Весной в особняк явился немецкий лейтенант с письмом на имя тетушки Залесского. Письмо было от ее сестры Лидии. Лейтенант письмо Залесскому не отдал, и тогда Юрий Янович стал умолять немца сообщить родственникам, что здесь, во Львове, в трагическом положении, без средств и человеческих прав, находится сын их младшей сестры Марии – Юрий Залесский. Лейтенант молча выслушал Залесского, ничего не сказал, козырнул и ушел.

Спустя две недели Залесский был вызван к какому-то нацистскому бонзе в звании полковника, который вместе со своим аппаратом занимал дом в центре Львова. С Залесским он был изысканно вежлив, угостил сигарой, интересовался, как он тут живет, и, наконец, сообщил, что его тетушка Лидия вместе со своим мужем находится в Норвегии, где ее муж выполняет особые задания рейха. Переехать Залесскому туда, к сожалению, невозможно – там идет война. Как, впрочем, и в Швейцарию, где проживает другая родственная Залесскому семья, но туда по причине другой – эта семья не выразила на то желания.

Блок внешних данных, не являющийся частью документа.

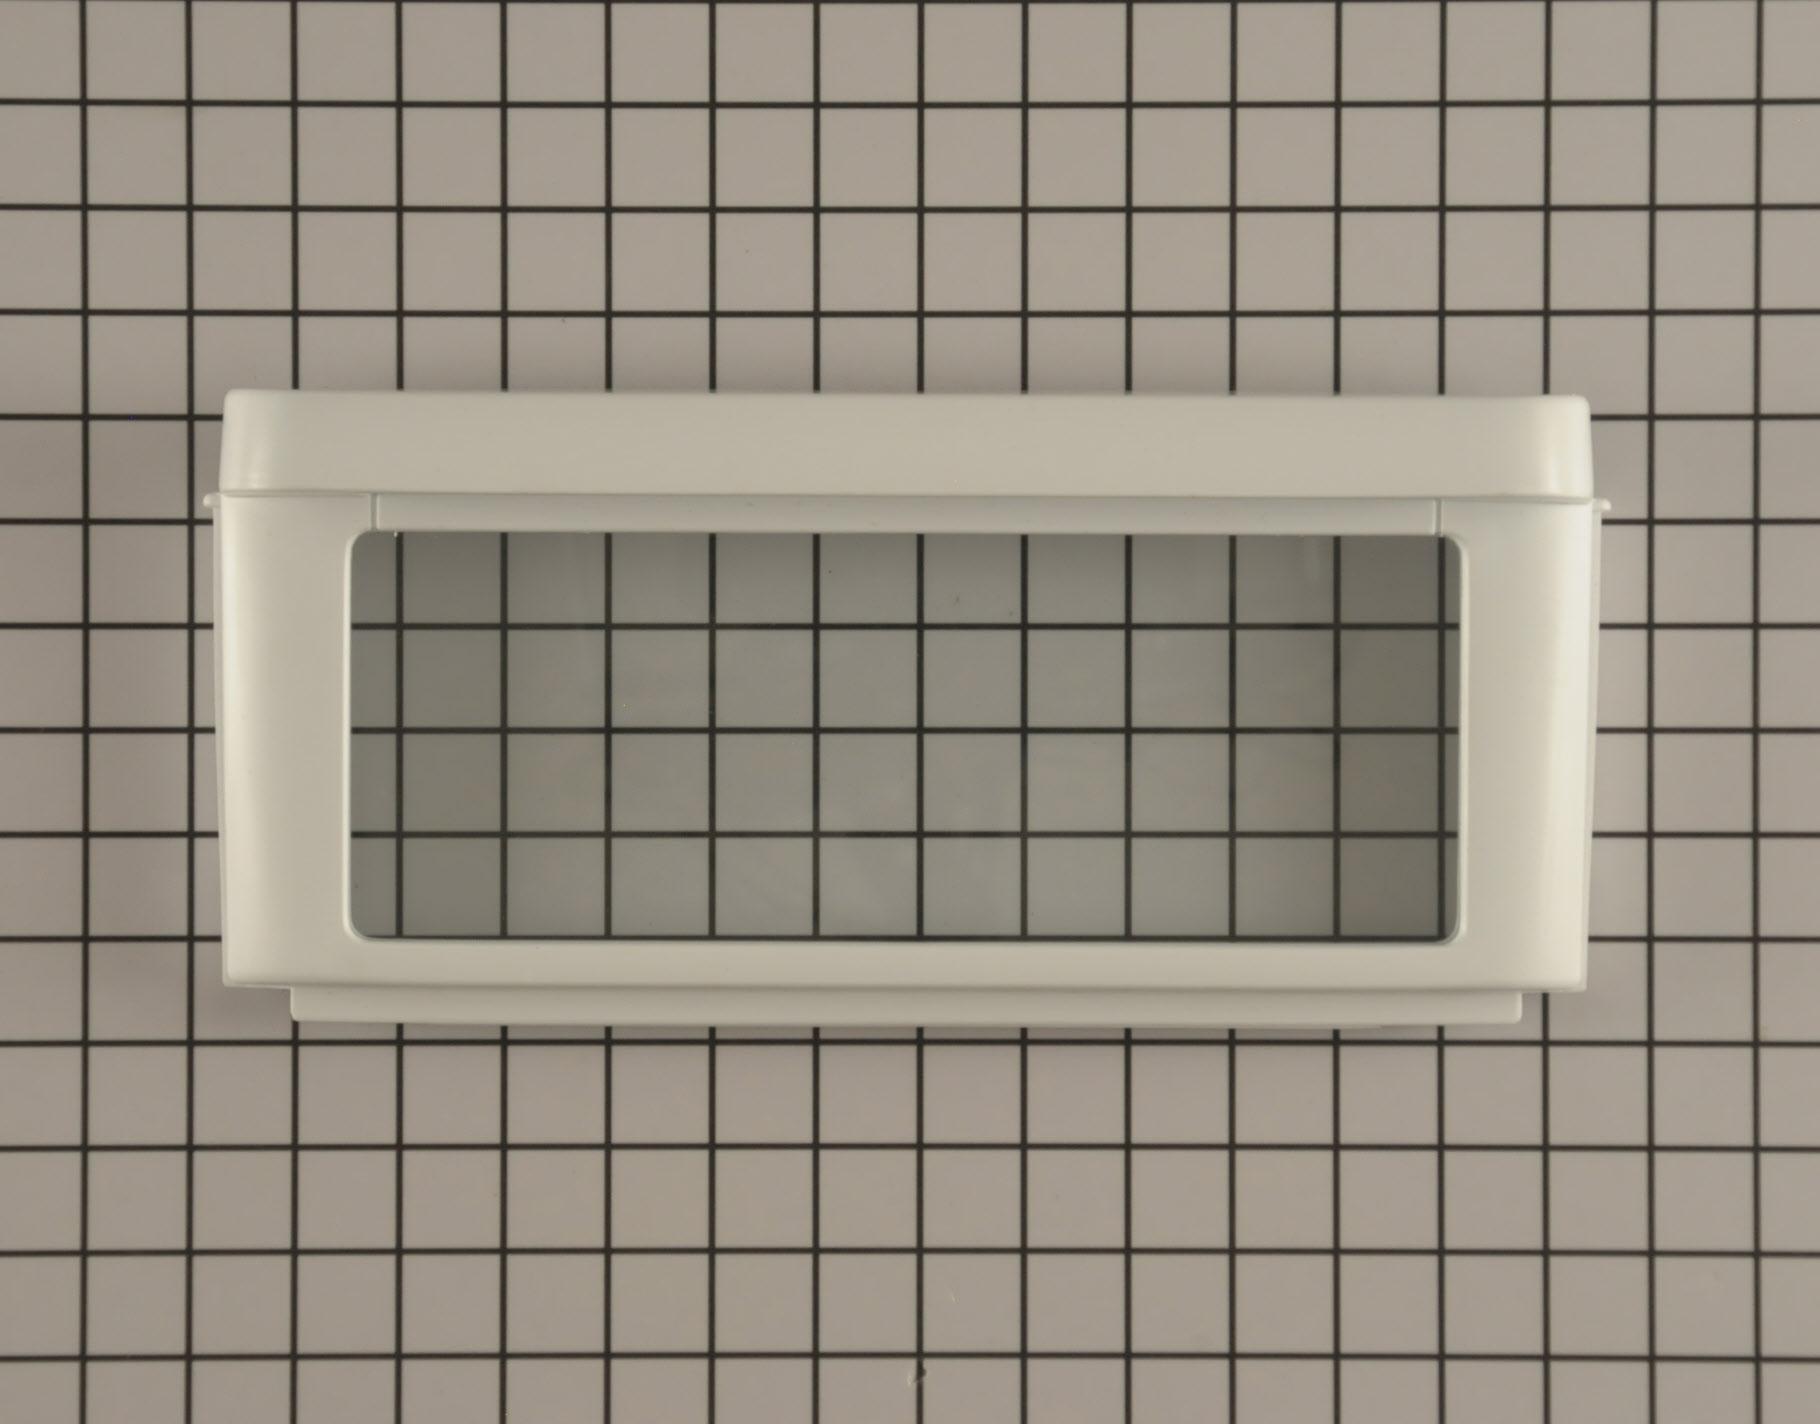 218278703 Kenmore Refrigerator Part -Drawer Front

– Тетушка Ольга не хочет меня выручить из беды? – наивно воскликнул Залесский. Полковник огорченно промолчал.

Залесскому была предложена работа в качестве переводчика полковника. И он тут же согласился.

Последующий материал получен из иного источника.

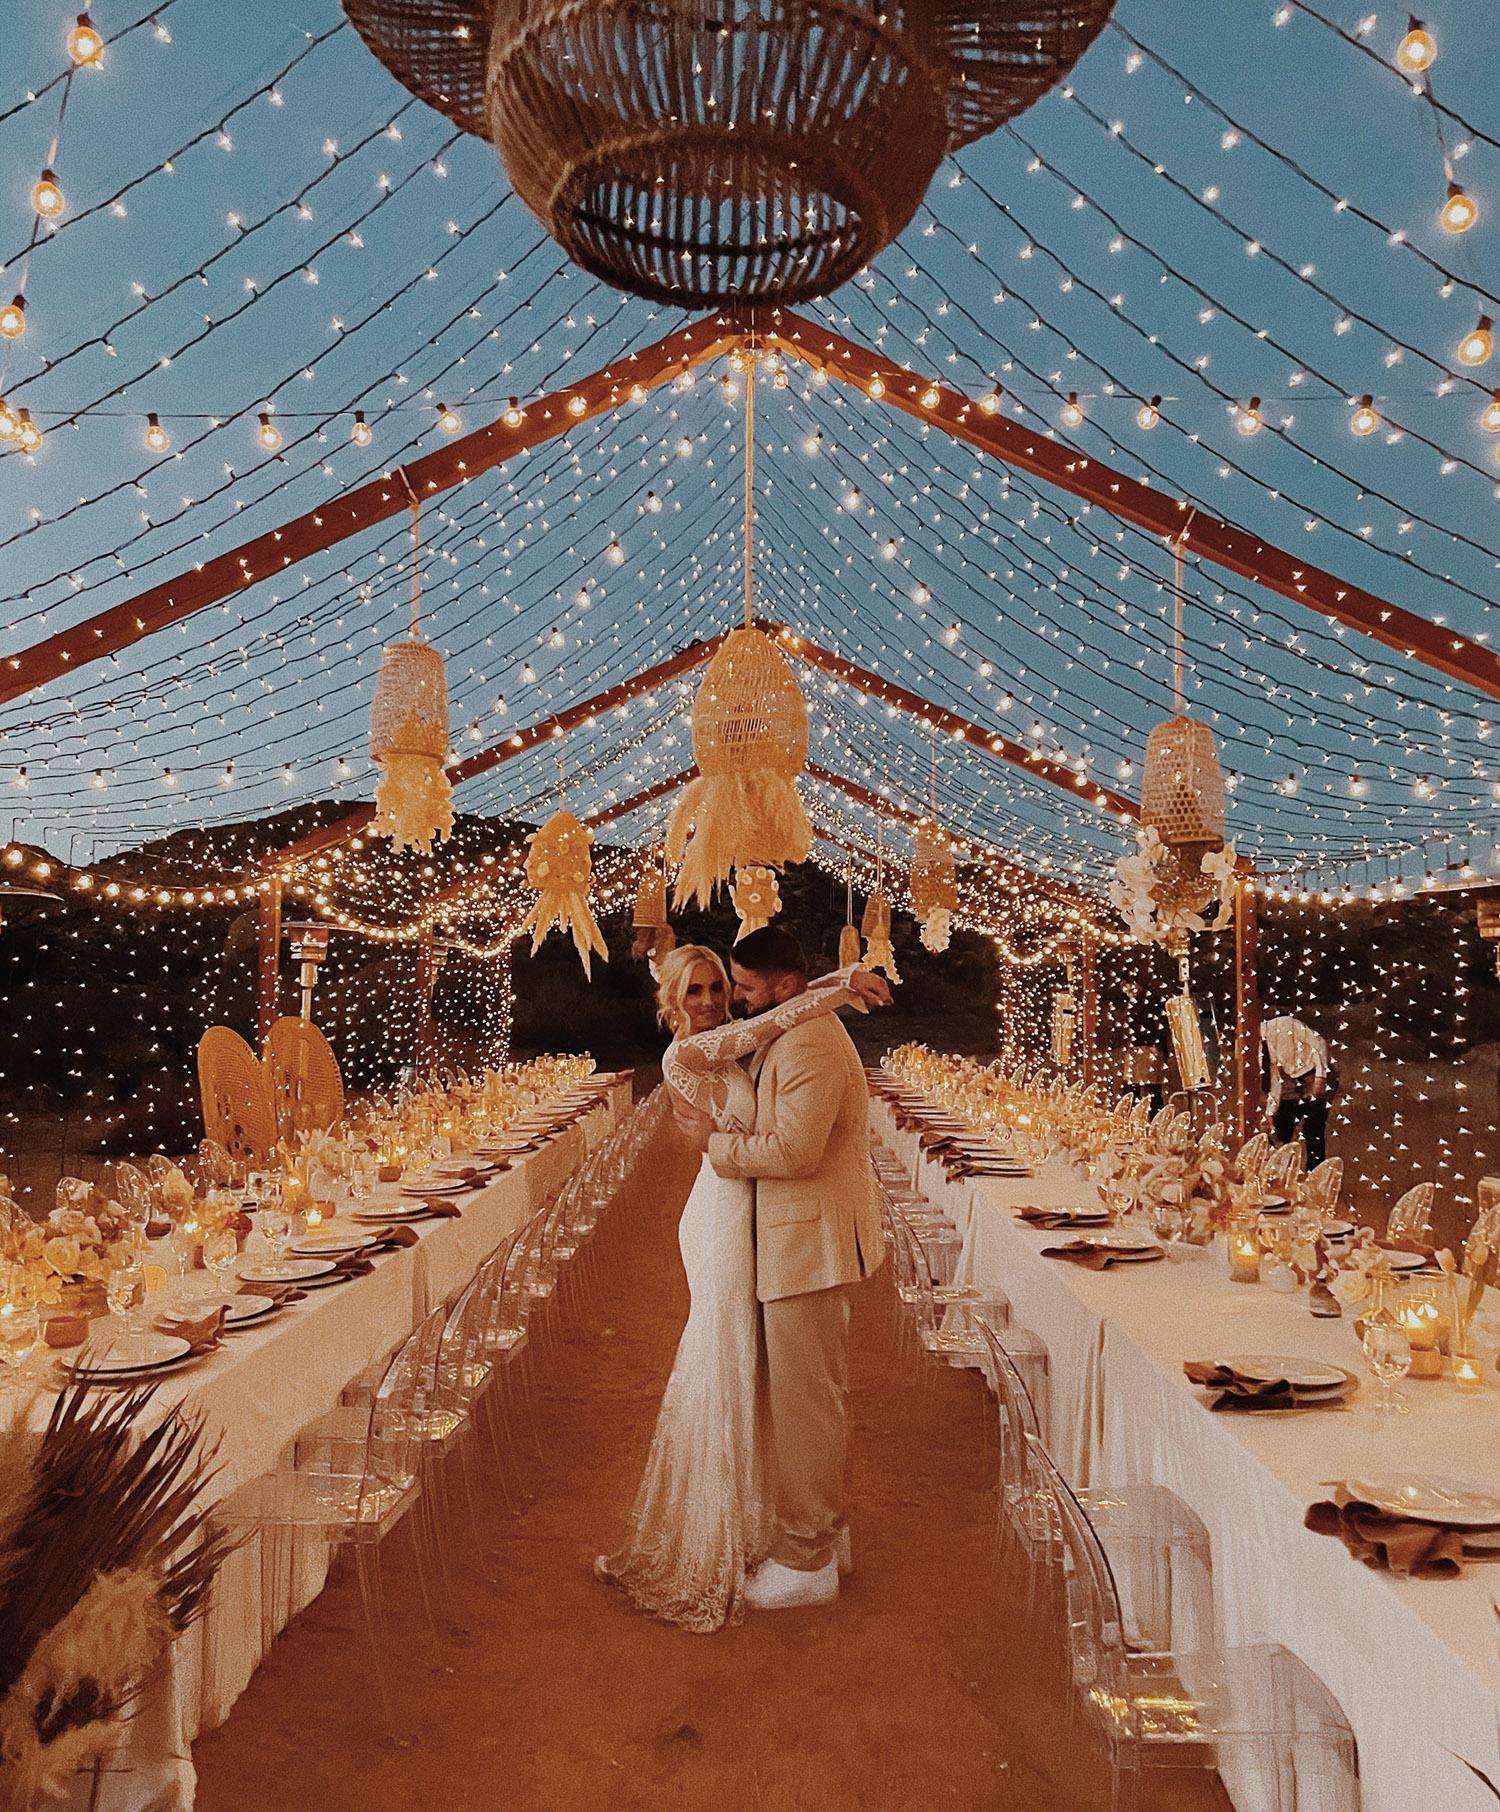 moho joshua tree wedding with couple under fairy lights

Это было подразделение гитлеровской службы безопасности, отвечавшее за порядок в самом Львове, но сюда поступали только особо важные дела. Залесскому выдали какое-то странное обмундирование: брюки галифе с кожаным задом, темно-серый френч со стоячим воротом, сапоги с непомерно длинными голенищами и финскую кепку-каскетку. Что означала эта форма, Залесский так и не узнал, но было похоже, что все это просто было подобрано на каком-то складе – вещи пахли карболкой. Но какое это имело значение?